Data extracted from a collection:
:::::

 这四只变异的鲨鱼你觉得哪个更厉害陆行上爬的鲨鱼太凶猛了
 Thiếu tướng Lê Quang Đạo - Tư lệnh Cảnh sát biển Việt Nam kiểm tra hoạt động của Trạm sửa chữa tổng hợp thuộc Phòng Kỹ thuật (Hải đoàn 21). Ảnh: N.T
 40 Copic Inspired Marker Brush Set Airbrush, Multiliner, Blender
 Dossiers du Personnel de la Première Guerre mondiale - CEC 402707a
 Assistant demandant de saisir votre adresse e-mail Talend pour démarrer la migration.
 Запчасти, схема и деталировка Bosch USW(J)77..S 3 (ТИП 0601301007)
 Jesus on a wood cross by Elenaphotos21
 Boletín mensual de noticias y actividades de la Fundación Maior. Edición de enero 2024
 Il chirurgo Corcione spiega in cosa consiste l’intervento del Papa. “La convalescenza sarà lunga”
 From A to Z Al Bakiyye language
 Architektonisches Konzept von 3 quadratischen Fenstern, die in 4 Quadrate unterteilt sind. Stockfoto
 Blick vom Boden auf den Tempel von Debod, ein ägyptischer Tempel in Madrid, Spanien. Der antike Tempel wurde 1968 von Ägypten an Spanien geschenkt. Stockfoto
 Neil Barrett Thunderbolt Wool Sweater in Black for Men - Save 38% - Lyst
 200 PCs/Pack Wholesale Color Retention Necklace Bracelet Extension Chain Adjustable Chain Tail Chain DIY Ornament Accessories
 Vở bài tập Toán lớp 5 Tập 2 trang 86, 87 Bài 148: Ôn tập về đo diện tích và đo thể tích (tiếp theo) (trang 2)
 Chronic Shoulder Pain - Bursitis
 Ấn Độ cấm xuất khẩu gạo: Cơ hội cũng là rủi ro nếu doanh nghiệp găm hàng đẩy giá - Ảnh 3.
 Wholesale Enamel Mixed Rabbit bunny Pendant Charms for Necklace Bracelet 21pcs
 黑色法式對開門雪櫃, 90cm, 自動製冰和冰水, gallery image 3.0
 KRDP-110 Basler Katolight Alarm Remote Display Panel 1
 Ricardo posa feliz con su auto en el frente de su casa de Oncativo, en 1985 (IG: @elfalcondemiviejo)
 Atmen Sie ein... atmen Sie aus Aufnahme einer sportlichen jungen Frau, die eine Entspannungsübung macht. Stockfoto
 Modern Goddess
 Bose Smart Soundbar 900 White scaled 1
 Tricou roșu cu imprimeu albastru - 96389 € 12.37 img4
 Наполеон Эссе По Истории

:::::

◆ **PROBLEM STATEMENT**
What you return must match the records above exactly, line for line.

◆ **EXPECTED ANSWER**
 这四只变异的鲨鱼你觉得哪个更厉害陆行上爬的鲨鱼太凶猛了
 Thiếu tướng Lê Quang Đạo - Tư lệnh Cảnh sát biển Việt Nam kiểm tra hoạt động của Trạm sửa chữa tổng hợp thuộc Phòng Kỹ thuật (Hải đoàn 21). Ảnh: N.T
 40 Copic Inspired Marker Brush Set Airbrush, Multiliner, Blender
 Dossiers du Personnel de la Première Guerre mondiale - CEC 402707a
 Assistant demandant de saisir votre adresse e-mail Talend pour démarrer la migration.
 Запчасти, схема и деталировка Bosch USW(J)77..S 3 (ТИП 0601301007)
 Jesus on a wood cross by Elenaphotos21
 Boletín mensual de noticias y actividades de la Fundación Maior. Edición de enero 2024
 Il chirurgo Corcione spiega in cosa consiste l’intervento del Papa. “La convalescenza sarà lunga”
 From A to Z Al Bakiyye language
 Architektonisches Konzept von 3 quadratischen Fenstern, die in 4 Quadrate unterteilt sind. Stockfoto
 Blick vom Boden auf den Tempel von Debod, ein ägyptischer Tempel in Madrid, Spanien. Der antike Tempel wurde 1968 von Ägypten an Spanien geschenkt. Stockfoto
 Neil Barrett Thunderbolt Wool Sweater in Black for Men - Save 38% - Lyst
 200 PCs/Pack Wholesale Color Retention Necklace Bracelet Extension Chain Adjustable Chain Tail Chain DIY Ornament Accessories
 Vở bài tập Toán lớp 5 Tập 2 trang 86, 87 Bài 148: Ôn tập về đo diện tích và đo thể tích (tiếp theo) (trang 2)
 Chronic Shoulder Pain - Bursitis
 Ấn Độ cấm xuất khẩu gạo: Cơ hội cũng là rủi ro nếu doanh nghiệp găm hàng đẩy giá - Ảnh 3.
 Wholesale Enamel Mixed Rabbit bunny Pendant Charms for Necklace Bracelet 21pcs
 黑色法式對開門雪櫃, 90cm, 自動製冰和冰水, gallery image 3.0
 KRDP-110 Basler Katolight Alarm Remote Display Panel 1
 Ricardo posa feliz con su auto en el frente de su casa de Oncativo, en 1985 (IG: @elfalcondemiviejo)
 Atmen Sie ein... atmen Sie aus Aufnahme einer sportlichen jungen Frau, die eine Entspannungsübung macht. Stockfoto
 Modern Goddess
 Bose Smart Soundbar 900 White scaled 1
 Tricou roșu cu imprimeu albastru - 96389 € 12.37 img4
 Наполеон Эссе По Истории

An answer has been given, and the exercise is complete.